» Supplied material
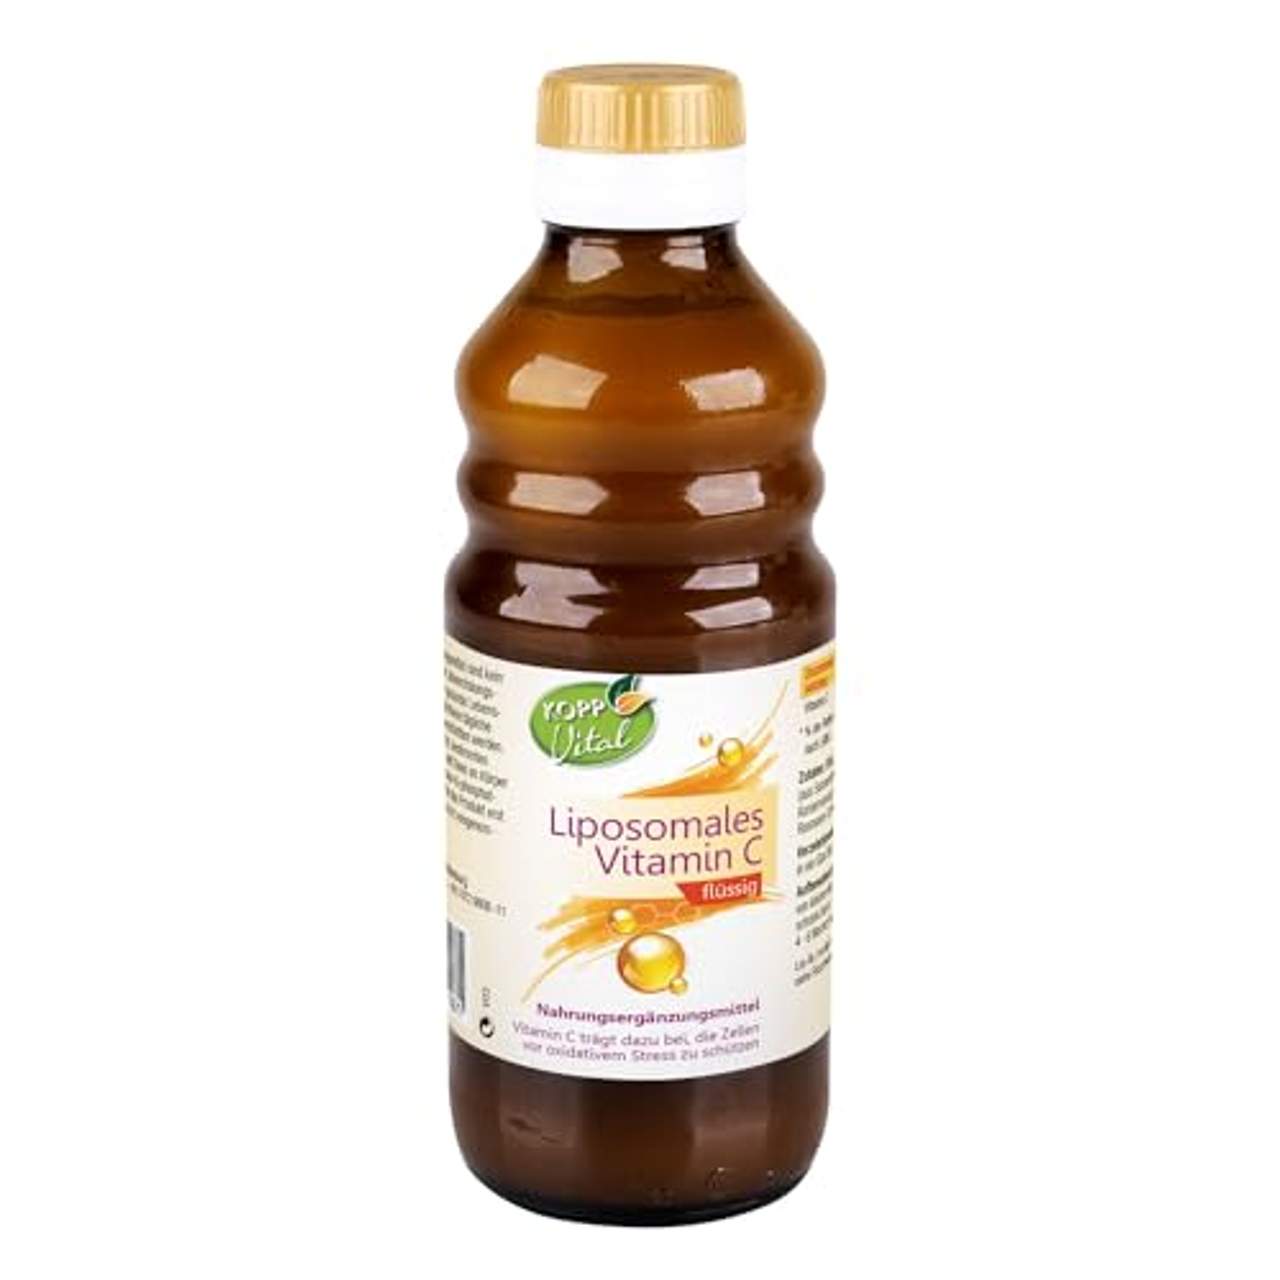 Kopp Vital Liposomales Vitamin C
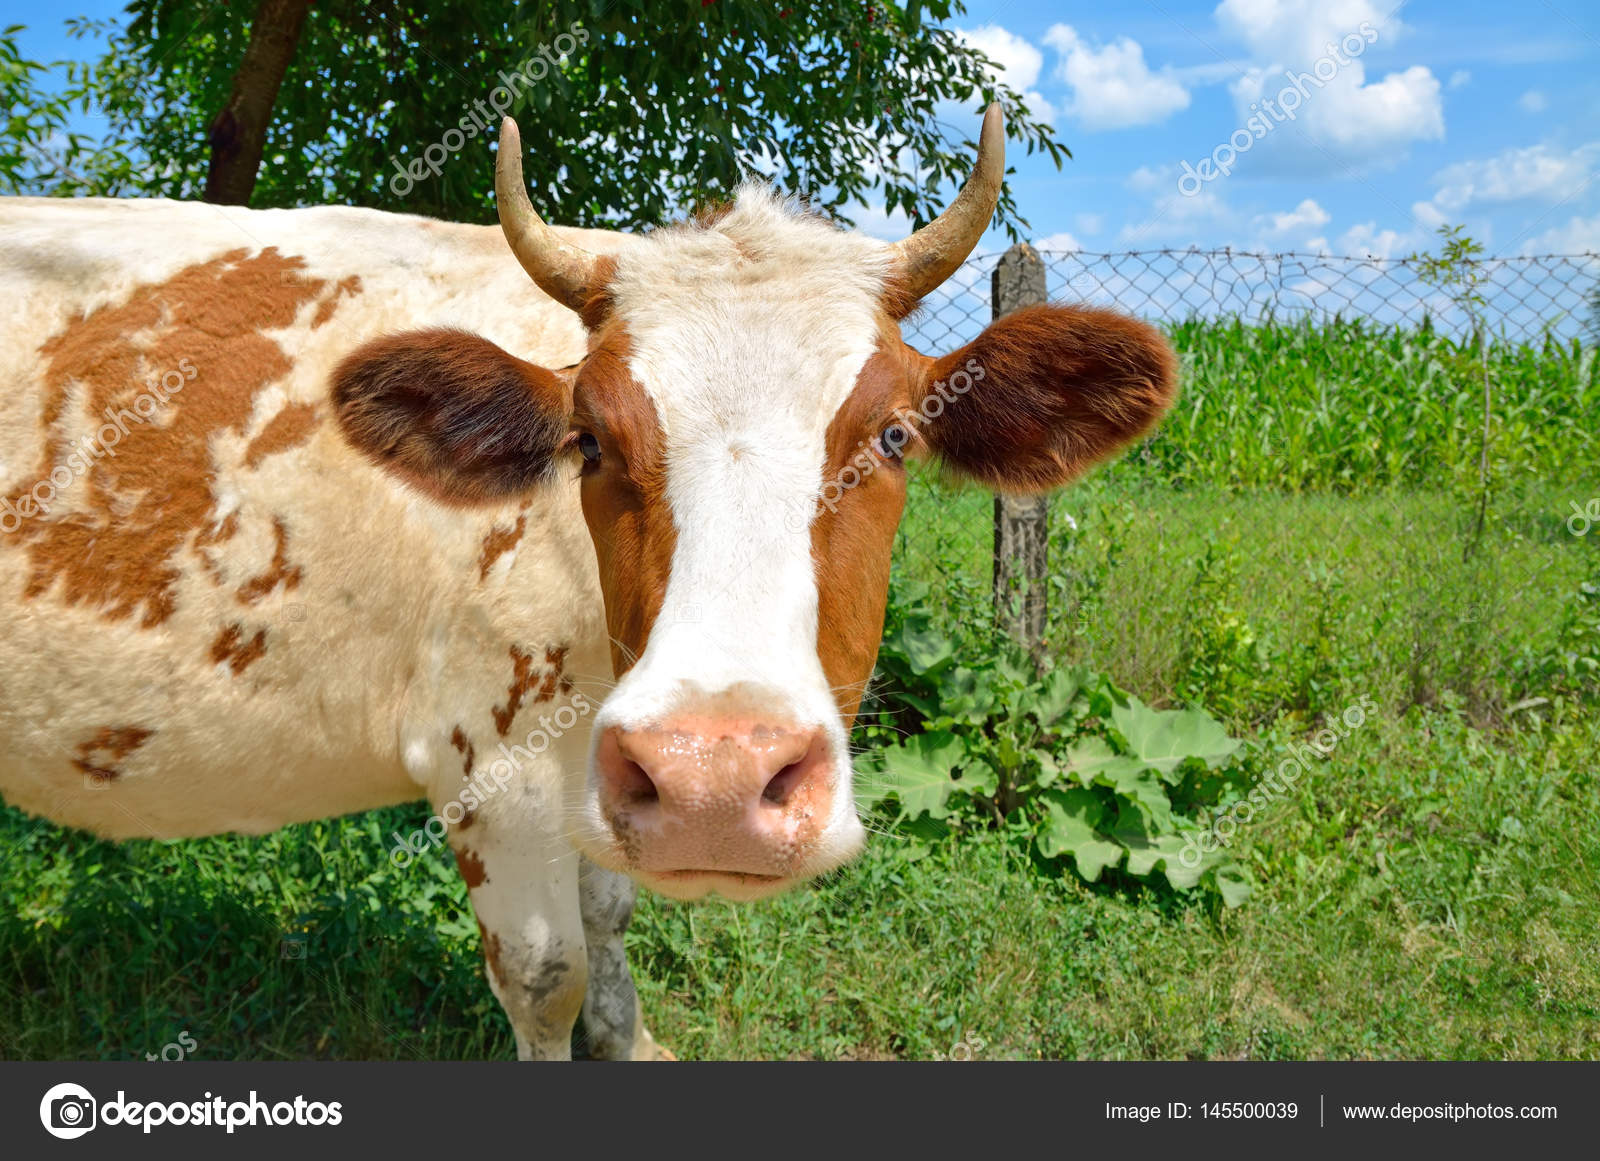 https://st3.depositphotos.com/1819486/14550/i/1600/depositphotos_145500039-stock-photo-cow-looks-into-camera.jpg
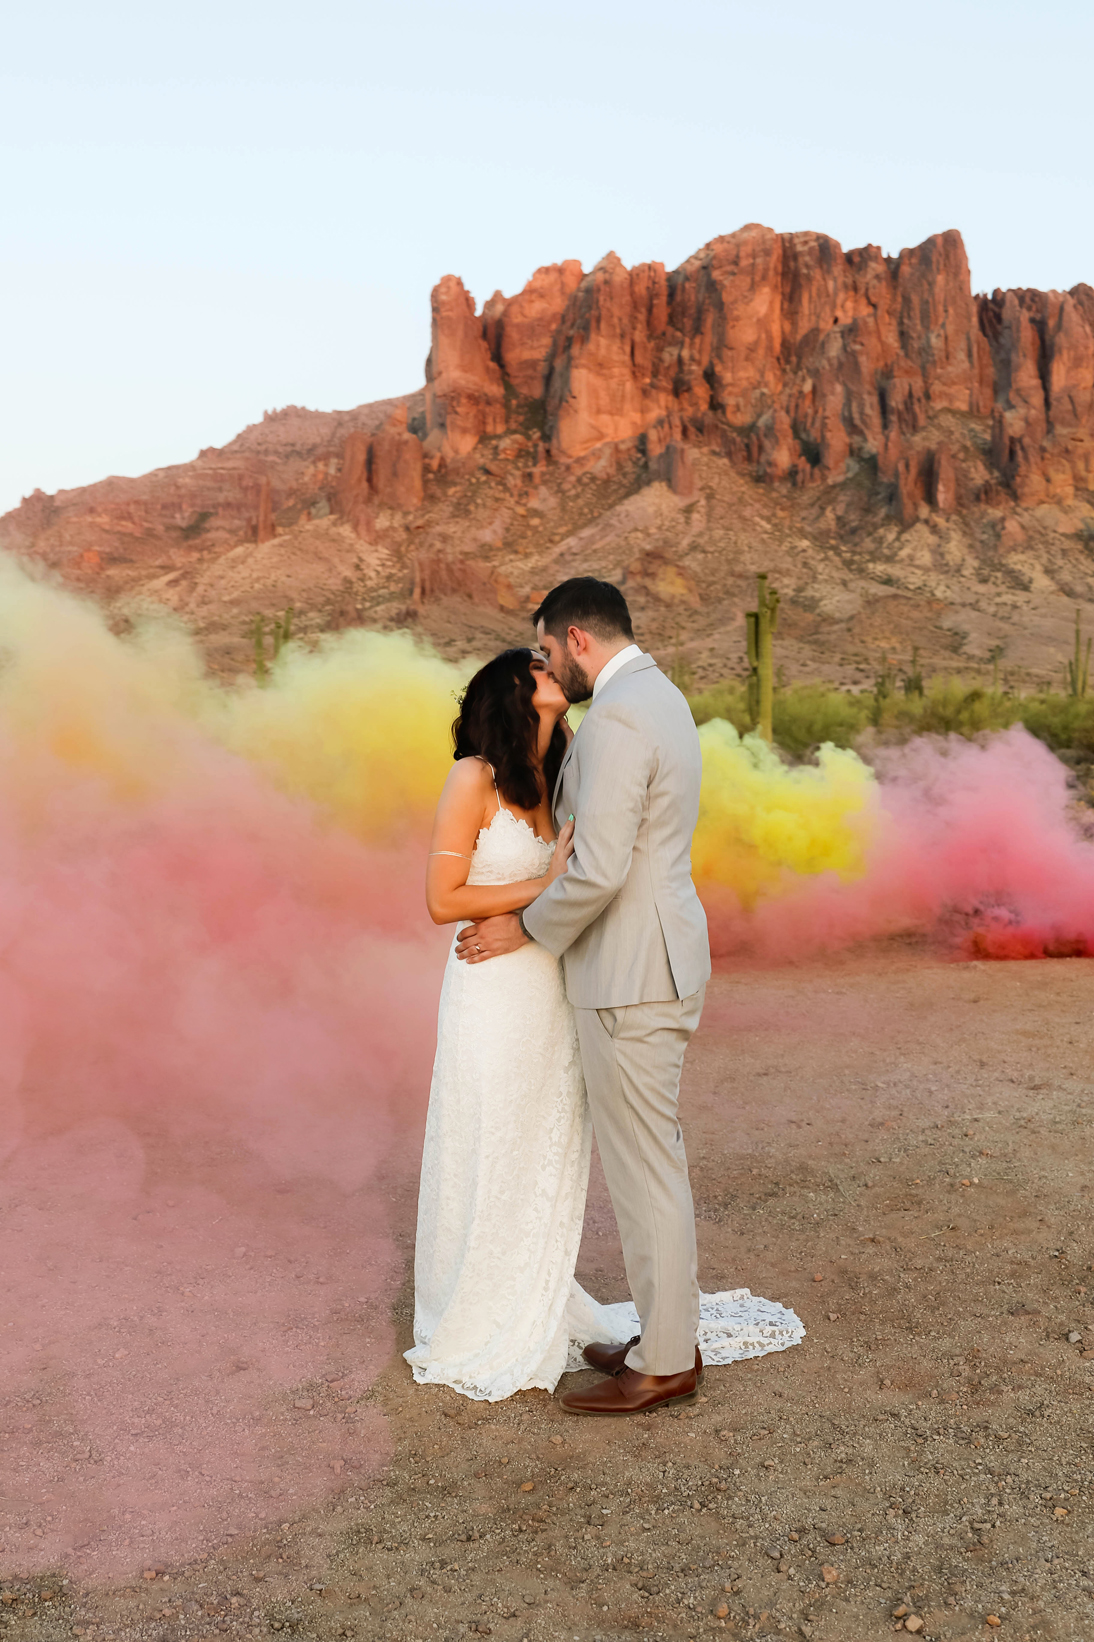 Bohemian Bride and Groom against Colorful Smoke.jpg
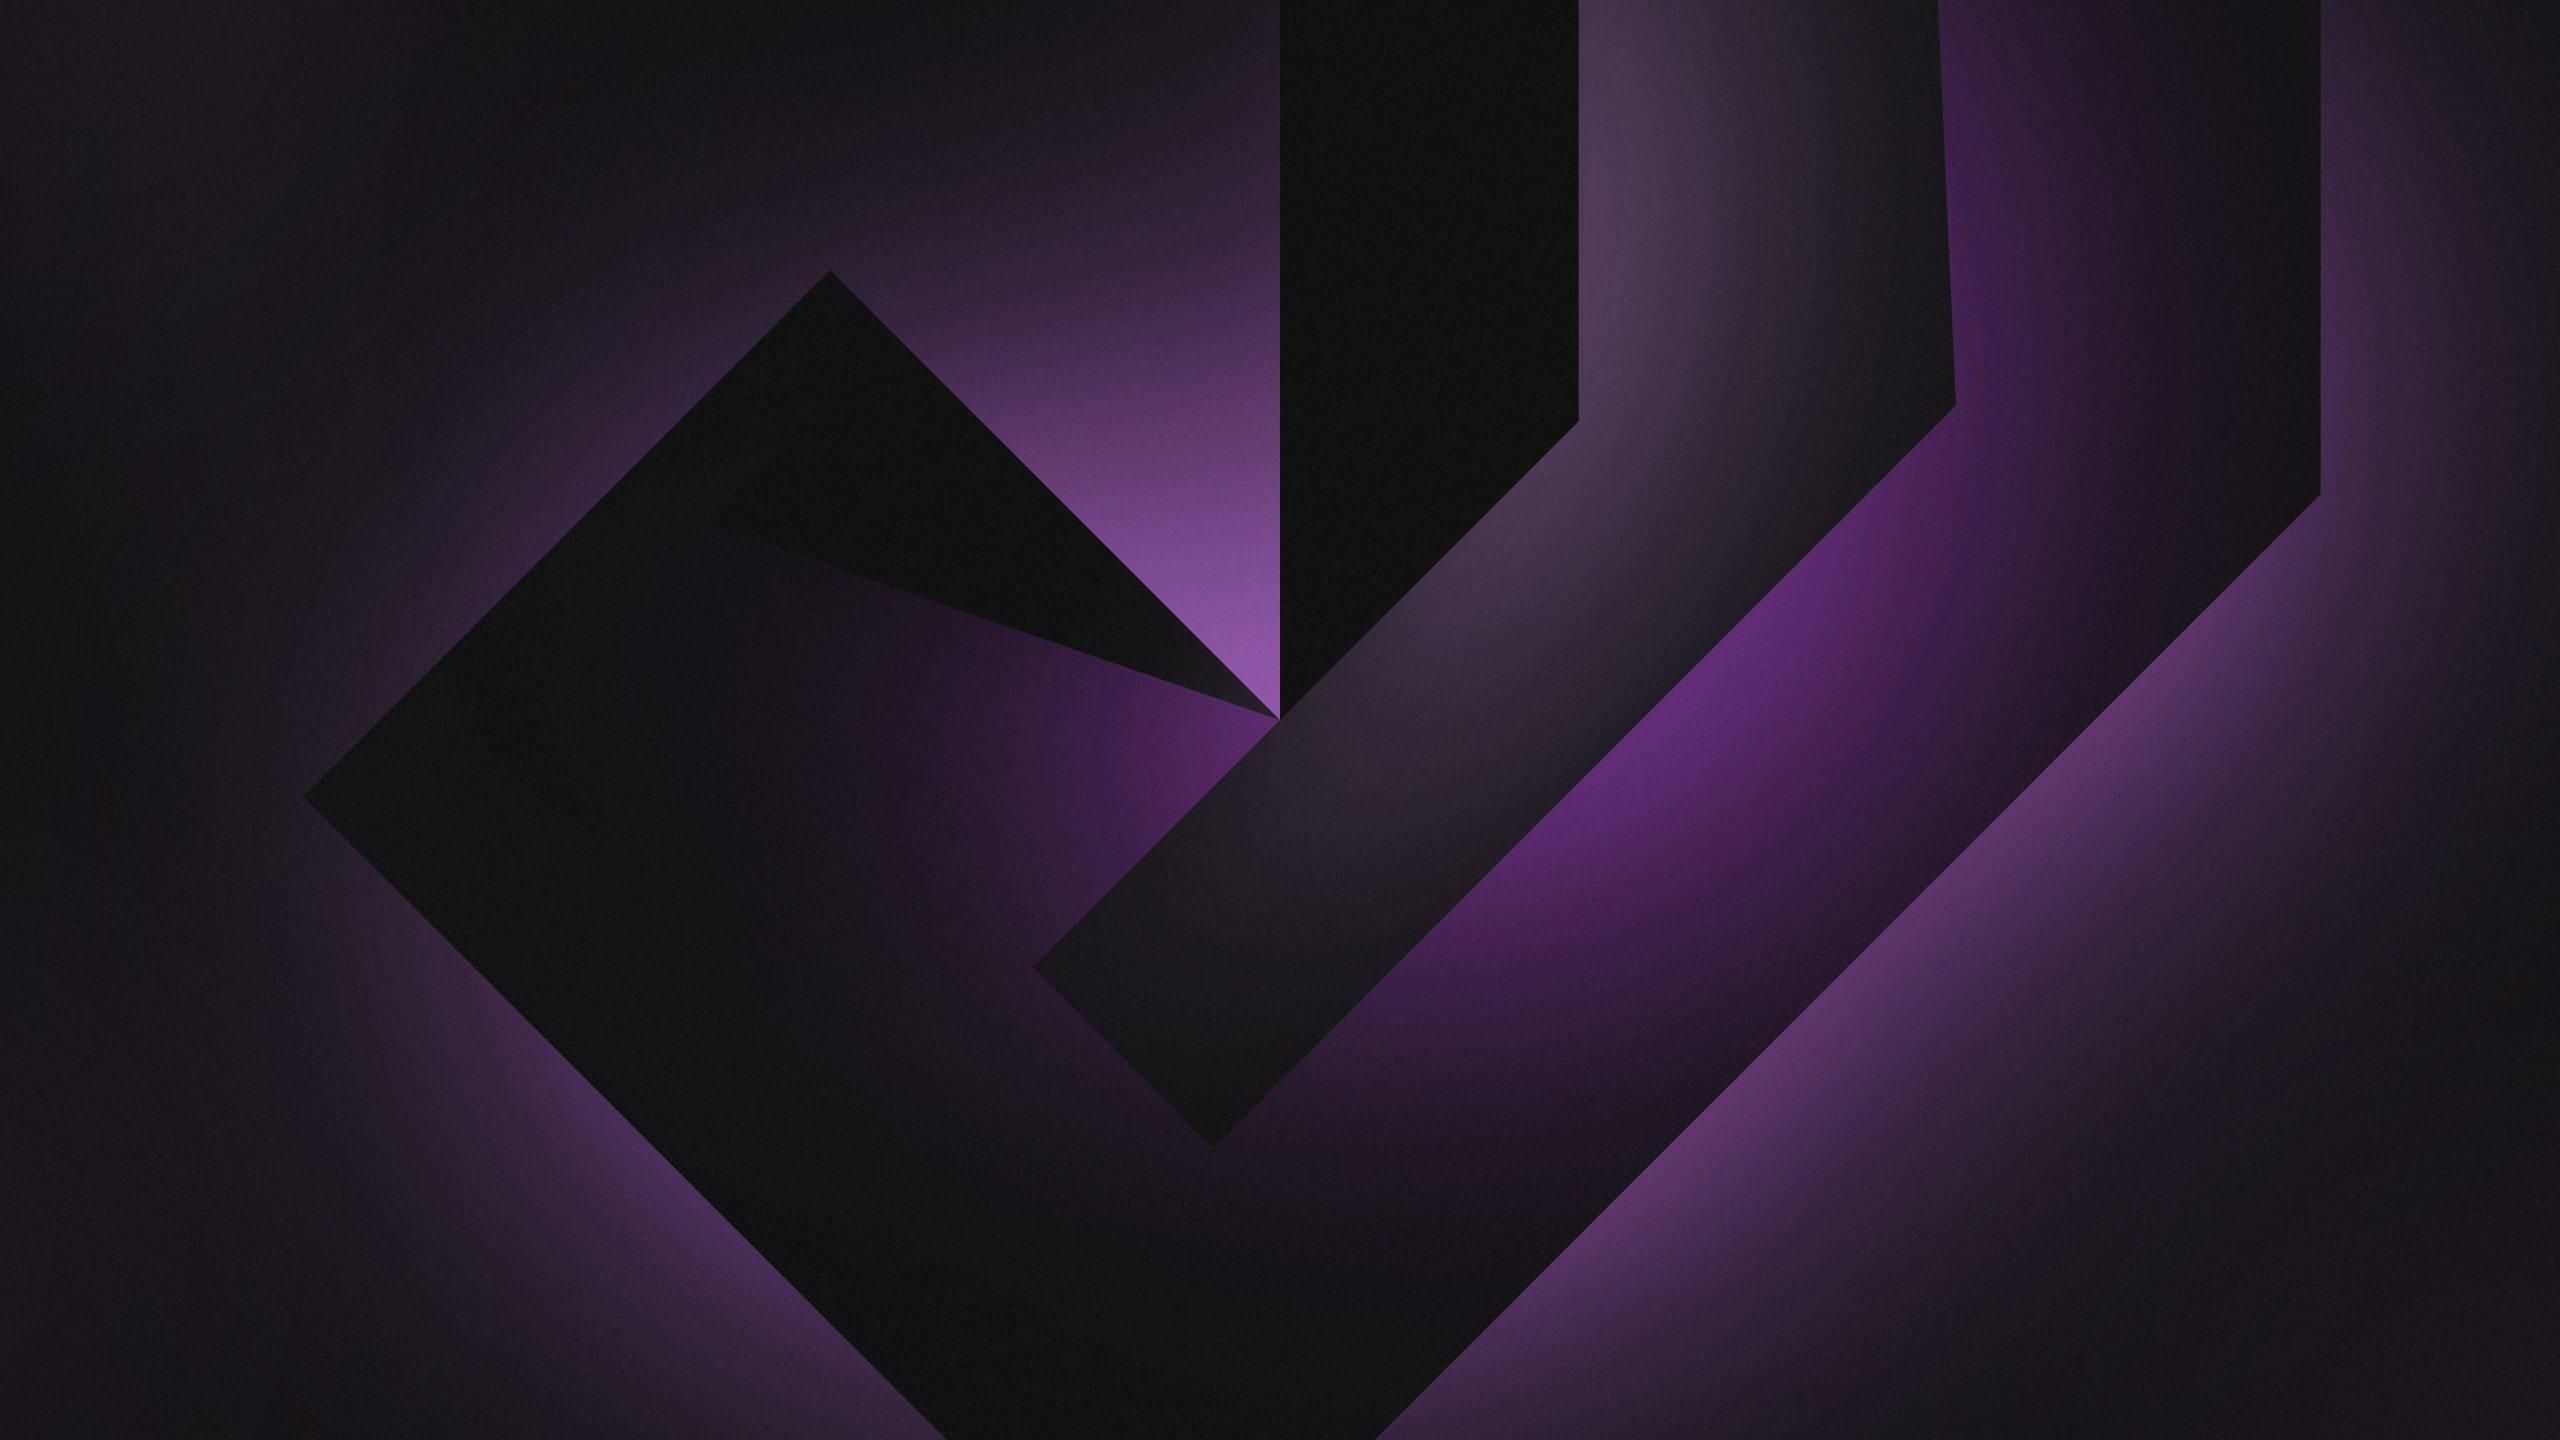 of Purple 4K wallpaper for your desktop or mobile screen

» Problem to solve
Your output must reproduce the material above in full, with no pictures.

» Task answer
 Kopp Vital Liposomales Vitamin C
 https://st3.depositphotos.com/1819486/14550/i/1600/depositphotos_145500039-stock-photo-cow-looks-into-camera.jpg
 Bohemian Bride and Groom against Colorful Smoke.jpg
 of Purple 4K wallpaper for your desktop or mobile screen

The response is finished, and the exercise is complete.